2025.02.20 「イルカと人との共生」へ向けて〜五和町で第3回海の環境に配慮した勉強会を開催〜

令和7年2月20日(木)、五和町の二江地区コミュニティセンターで「イルカと人との共生」に向けた海の環境に配慮した勉強会が開催され、23人が参加しました。
これは、天草市イルカウォッチング事業者チーム(※1)が主催しているもので、今回の勉強会は9月と10月に引き続き第3回目の開催。
講師として三重大学教授の森阪匡通さんを招き、「ミナミハンドウイルカってどんなイルカ?〜ガイディングにも役立つ基礎知識〜」と題し講演を行いました。
講演では、ミナミハンドウイルカの生態などについてクイズを交えながら説明。
体の大きさや寿命、人間の年齢に換算すると何倍くらいかなど、参加者は楽しみながら学んでいました。
また、天草・御蔵島・小笠原諸島に生息するミナミハンドウイルカや海の状況についても比較。
海中の音の大きさとイルカが発する音(声)、群れのサイズには関連性があり、それぞれの地域で違いがみられるとのデータ結果が示されました。特に天草は他2地域と比べて海中雑音が大きく、イルカが発する音が届きにくいとのこと。
そのため天草のイルカたちは音が届く範囲にとどまらざるを得ず、群れのサイズが大きくかつ密集しているのではないかと解説されました。

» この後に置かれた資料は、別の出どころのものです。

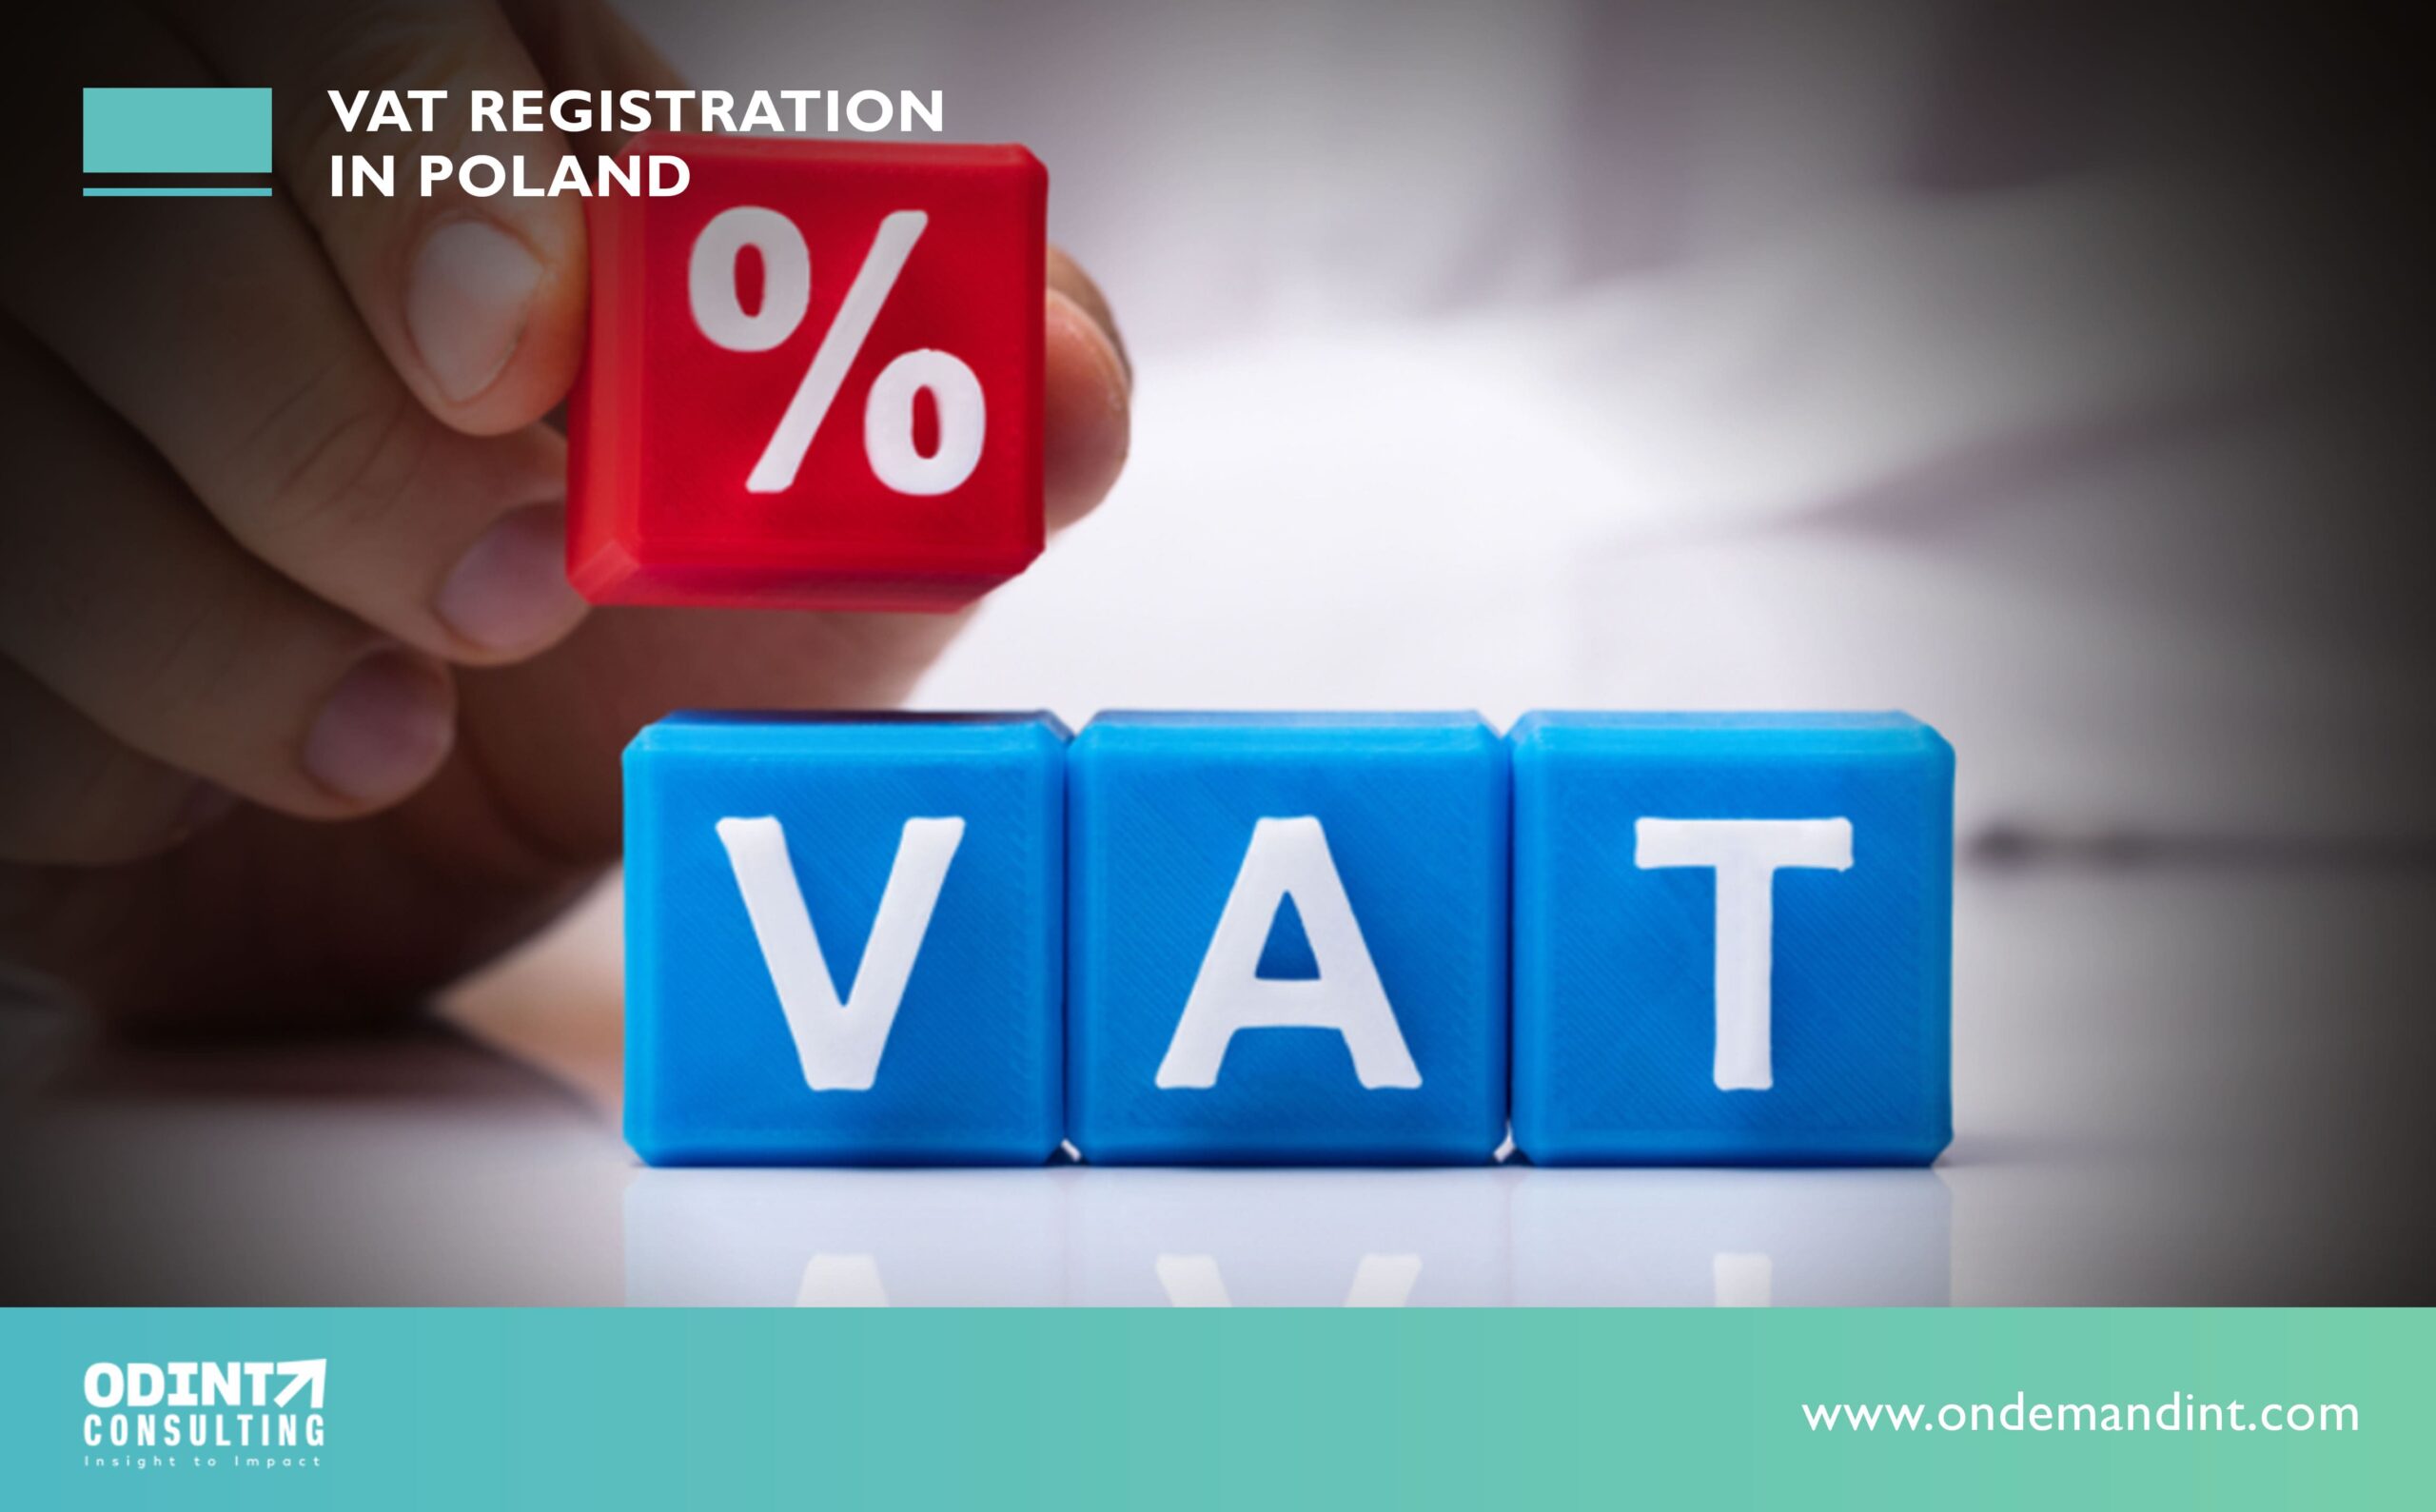 VAT Registration in Poland: Process, Documents & Important Conditions

「イルカは音の世界で生きている」と森阪教授。エコーロケーション(※2)という能力で世界を見ることができるイルカたちですが、アクリルやナイロン製のものは音を通してしまうため、イルカには見えにくいとのこと。
いずれも人間にとっては身近なものですが、イルカがナイロン製の網に引っかかって亡くなる事例も多く、海の環境についても考えさせられる勉強会となりました。
参加した天草市イルカウォッチング事業者チームの田口京重さんは「やはり環境をいかに守っていくかが非常に重要だと感じた。
アクリル製のものなどが海に浮いているところをよく見かけるので、その際は必ず処理し、海をきれいにしていきたい」と意気込みを語りました。
最後に、イルカと人との共生について森阪教授は「まずイルカのことをもっと知ること、イルカ目線で考えることが必要だと思う。
市民の皆さんにはたくさんイルカを見に来てもらって、イルカだけではなくイルカの住んでいる環境を広く見てもらうと、いろいろと変わってくると思う」と話しました。

(※1)天草市五和町でイルカウォッチングを運営する天草海鮮蔵、イルカウォッチング総合案内所(イルカクラブ、ドルフィンクルーズ、マリンワールド)、門口水産、丸健水産の6事業者が、天草の海の資源を守り、環境・生業・観光を持続可能にする活動を行うことを目的に設立したチーム(令和6年3月)。
主な取り組み内容は、以下のとおり。
・お客さんの安心・安全の確保
・漁師および関係者の収益機会、安心・安全の確保
・野生イルカが生息しやすい環境の確保
(※2)音や超音波を発し、その反響によって物体の距離・方向・大きさなどを知ること。